[Supplied records]
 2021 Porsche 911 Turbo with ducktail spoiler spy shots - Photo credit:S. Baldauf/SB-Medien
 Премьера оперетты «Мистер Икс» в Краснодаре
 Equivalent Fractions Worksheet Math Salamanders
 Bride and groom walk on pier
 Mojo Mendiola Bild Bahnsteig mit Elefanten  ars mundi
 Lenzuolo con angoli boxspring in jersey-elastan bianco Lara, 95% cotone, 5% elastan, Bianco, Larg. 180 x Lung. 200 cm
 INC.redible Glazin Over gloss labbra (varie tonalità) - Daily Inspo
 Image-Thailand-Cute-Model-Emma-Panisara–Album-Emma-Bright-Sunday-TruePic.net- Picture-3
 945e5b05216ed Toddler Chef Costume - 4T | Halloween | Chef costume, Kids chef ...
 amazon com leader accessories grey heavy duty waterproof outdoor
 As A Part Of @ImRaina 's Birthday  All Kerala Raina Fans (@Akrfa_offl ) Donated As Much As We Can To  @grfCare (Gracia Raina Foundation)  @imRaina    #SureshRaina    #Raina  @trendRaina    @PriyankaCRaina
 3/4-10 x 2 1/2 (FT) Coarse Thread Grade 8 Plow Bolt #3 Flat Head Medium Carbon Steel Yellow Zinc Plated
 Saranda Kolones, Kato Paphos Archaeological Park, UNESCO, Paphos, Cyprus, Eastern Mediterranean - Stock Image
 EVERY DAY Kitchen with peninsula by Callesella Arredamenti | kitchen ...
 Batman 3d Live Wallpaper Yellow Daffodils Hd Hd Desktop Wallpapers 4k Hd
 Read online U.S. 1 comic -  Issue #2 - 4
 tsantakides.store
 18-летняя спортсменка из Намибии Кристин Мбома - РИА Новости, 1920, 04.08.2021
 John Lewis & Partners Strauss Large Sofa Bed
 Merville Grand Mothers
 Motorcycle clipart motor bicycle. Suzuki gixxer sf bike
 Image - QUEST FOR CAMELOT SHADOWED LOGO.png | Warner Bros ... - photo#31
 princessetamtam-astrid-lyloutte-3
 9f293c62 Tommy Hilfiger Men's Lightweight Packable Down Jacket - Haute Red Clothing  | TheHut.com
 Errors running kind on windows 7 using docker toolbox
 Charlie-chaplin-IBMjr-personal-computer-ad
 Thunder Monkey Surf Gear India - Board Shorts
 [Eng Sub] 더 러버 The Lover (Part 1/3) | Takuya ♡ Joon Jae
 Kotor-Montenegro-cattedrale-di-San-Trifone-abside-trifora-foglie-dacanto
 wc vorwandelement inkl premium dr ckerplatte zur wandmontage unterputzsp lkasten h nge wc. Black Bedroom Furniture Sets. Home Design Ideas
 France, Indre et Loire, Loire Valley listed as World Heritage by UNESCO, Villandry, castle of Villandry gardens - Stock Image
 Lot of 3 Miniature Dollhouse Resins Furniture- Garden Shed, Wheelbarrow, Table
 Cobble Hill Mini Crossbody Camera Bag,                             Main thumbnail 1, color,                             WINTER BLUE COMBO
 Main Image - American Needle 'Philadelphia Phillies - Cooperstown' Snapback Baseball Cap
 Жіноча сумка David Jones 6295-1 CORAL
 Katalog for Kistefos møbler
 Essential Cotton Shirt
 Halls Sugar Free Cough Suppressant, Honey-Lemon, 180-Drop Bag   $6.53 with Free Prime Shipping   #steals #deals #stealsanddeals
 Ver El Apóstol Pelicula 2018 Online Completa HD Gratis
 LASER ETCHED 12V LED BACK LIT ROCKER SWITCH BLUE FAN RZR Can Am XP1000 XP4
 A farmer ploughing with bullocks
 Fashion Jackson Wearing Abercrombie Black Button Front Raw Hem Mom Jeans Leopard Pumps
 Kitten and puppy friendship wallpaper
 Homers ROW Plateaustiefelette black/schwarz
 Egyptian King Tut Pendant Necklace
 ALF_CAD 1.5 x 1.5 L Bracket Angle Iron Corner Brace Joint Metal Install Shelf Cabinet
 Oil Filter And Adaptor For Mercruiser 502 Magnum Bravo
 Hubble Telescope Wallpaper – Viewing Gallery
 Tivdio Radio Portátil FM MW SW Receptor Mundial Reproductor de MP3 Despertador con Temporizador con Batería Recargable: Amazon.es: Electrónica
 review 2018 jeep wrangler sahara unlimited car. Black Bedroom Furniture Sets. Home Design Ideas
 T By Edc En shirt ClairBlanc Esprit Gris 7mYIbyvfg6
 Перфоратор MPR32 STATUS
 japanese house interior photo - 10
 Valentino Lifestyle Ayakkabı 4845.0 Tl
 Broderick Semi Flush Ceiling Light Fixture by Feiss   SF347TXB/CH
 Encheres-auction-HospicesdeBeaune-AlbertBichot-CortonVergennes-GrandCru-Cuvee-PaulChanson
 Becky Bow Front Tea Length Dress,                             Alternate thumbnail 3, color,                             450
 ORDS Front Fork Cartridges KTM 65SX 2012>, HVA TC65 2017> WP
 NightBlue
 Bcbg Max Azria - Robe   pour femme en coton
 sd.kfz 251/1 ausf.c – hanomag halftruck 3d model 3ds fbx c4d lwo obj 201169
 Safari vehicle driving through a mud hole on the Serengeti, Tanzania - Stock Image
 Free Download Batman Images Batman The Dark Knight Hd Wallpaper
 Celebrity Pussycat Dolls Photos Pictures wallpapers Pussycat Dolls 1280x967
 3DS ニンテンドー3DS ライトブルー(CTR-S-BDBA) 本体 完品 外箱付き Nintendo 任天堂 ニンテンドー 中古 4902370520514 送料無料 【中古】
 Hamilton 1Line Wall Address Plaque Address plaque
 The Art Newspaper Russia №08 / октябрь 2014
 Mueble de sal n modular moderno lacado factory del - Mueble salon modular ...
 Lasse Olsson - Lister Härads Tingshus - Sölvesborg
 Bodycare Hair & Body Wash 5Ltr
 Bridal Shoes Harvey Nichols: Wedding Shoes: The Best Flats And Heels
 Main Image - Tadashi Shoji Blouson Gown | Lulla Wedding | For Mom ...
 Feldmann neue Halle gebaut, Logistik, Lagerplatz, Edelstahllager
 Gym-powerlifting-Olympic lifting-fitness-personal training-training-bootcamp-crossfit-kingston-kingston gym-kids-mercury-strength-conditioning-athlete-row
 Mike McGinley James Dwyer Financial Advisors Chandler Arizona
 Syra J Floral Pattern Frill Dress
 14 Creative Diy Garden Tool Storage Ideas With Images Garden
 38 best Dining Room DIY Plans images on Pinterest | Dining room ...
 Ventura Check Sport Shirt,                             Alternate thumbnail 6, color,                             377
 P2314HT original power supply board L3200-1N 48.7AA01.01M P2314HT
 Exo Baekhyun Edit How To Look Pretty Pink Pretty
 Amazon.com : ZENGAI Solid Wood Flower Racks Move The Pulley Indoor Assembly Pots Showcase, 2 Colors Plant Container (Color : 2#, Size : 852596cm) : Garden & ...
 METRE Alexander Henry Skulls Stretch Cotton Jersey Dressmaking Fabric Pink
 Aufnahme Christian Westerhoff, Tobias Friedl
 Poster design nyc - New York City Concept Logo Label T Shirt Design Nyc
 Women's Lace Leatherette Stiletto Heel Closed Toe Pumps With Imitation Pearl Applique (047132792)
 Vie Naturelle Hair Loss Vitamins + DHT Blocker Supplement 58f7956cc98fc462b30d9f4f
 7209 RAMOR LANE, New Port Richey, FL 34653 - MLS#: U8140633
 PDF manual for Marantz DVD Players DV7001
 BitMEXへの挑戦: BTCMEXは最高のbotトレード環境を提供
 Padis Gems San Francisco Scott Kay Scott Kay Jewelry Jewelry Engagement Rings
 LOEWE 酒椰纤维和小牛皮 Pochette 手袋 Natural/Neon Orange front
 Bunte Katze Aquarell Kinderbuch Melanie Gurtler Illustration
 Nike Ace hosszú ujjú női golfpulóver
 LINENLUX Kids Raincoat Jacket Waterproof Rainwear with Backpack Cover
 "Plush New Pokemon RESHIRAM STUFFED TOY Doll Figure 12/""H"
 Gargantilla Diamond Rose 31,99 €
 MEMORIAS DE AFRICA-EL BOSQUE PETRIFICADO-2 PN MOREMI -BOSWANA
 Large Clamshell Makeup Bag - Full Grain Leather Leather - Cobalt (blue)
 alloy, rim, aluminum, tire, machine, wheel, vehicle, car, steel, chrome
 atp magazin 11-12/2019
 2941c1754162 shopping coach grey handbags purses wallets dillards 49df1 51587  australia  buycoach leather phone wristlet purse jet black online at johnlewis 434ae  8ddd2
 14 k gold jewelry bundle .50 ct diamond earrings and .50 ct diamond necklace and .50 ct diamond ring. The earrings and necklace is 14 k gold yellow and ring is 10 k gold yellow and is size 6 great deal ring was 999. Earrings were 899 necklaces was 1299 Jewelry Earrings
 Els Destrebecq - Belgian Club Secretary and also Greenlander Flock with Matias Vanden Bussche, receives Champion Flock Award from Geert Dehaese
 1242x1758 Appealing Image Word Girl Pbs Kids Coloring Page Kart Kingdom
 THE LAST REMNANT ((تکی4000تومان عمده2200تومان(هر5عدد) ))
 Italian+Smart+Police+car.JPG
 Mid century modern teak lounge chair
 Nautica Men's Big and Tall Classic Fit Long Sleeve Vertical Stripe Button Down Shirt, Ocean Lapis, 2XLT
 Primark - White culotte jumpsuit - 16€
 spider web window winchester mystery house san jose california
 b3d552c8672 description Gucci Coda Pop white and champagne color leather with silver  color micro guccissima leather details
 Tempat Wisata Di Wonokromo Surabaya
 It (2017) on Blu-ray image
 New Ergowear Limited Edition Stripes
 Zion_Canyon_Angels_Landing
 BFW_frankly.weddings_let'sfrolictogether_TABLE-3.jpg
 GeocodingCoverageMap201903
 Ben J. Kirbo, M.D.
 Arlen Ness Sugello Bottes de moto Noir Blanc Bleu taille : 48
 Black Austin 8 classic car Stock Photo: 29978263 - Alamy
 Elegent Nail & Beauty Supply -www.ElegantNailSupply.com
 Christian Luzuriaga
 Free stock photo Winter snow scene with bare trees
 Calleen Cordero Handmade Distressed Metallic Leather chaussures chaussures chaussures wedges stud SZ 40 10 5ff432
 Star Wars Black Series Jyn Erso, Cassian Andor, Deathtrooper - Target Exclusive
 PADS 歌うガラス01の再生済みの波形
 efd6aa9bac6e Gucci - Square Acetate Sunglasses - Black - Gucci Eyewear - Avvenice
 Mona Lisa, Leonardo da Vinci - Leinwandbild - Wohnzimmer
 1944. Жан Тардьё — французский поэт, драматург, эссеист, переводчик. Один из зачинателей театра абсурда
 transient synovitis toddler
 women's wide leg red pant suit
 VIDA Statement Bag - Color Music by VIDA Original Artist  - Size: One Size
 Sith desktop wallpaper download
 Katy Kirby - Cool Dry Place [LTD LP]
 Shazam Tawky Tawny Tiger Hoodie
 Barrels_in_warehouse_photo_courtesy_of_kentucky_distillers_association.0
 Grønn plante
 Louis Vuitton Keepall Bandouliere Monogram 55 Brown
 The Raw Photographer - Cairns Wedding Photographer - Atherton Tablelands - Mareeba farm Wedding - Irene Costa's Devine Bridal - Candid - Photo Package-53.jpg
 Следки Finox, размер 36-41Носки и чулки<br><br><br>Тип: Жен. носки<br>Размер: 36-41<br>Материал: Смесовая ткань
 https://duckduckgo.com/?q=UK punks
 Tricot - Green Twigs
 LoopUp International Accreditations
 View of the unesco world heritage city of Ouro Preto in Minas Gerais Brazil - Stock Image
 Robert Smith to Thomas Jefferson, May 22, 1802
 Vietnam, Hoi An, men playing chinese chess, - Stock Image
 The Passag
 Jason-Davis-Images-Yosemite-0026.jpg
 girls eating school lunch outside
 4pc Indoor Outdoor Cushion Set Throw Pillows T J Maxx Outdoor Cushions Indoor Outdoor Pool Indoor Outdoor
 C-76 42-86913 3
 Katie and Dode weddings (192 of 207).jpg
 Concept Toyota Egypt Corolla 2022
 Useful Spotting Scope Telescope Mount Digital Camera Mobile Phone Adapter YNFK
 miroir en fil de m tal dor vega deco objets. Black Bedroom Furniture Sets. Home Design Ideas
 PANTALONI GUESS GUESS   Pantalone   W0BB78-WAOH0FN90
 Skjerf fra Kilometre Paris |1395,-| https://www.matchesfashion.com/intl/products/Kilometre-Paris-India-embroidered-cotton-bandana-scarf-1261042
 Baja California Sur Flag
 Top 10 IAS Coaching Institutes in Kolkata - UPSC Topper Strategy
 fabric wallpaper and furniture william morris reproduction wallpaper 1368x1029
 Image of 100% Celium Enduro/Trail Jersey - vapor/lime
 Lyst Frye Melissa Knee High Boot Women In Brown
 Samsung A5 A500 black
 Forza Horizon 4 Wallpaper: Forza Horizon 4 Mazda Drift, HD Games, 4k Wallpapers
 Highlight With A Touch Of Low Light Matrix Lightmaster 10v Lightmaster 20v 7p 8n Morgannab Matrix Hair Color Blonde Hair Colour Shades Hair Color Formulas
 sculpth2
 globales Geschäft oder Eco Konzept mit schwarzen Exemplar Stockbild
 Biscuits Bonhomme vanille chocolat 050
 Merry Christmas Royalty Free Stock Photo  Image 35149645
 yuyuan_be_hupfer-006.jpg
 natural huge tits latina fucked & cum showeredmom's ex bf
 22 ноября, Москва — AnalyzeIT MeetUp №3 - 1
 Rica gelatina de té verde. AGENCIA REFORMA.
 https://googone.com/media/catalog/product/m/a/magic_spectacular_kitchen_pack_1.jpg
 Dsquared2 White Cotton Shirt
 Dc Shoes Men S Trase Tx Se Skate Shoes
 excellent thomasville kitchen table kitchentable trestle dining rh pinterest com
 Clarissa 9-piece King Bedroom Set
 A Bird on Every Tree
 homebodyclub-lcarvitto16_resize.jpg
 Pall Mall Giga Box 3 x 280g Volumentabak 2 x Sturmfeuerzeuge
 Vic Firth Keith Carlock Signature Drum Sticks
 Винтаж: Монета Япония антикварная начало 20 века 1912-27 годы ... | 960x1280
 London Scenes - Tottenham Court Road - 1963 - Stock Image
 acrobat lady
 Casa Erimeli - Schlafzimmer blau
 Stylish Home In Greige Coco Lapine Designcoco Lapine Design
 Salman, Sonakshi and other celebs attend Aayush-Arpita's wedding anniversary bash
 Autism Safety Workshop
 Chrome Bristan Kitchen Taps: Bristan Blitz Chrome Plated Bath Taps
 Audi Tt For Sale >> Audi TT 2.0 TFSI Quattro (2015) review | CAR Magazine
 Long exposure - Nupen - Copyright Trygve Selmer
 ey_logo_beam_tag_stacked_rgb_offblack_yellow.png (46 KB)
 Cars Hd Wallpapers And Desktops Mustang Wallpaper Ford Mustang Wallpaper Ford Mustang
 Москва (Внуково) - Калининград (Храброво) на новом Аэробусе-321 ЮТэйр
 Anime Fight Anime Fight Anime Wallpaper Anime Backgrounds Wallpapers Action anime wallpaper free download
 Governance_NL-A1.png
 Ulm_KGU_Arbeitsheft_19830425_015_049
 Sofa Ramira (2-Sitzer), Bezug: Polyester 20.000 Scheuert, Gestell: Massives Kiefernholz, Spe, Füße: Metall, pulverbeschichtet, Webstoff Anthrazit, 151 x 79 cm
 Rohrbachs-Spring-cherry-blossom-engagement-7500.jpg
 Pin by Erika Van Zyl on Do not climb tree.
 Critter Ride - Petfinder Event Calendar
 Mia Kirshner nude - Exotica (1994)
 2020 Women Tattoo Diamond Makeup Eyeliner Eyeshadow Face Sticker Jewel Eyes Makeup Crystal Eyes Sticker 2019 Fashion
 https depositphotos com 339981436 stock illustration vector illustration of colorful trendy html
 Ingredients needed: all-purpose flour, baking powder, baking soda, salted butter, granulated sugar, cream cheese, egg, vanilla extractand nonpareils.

[Task objective]
Report each line of the entries where the word "Bridal" occurs.

[Task result]
 Bridal Shoes Harvey Nichols: Wedding Shoes: The Best Flats And Heels
 The Raw Photographer - Cairns Wedding Photographer - Atherton Tablelands - Mareeba farm Wedding - Irene Costa's Devine Bridal - Candid - Photo Package-53.jpg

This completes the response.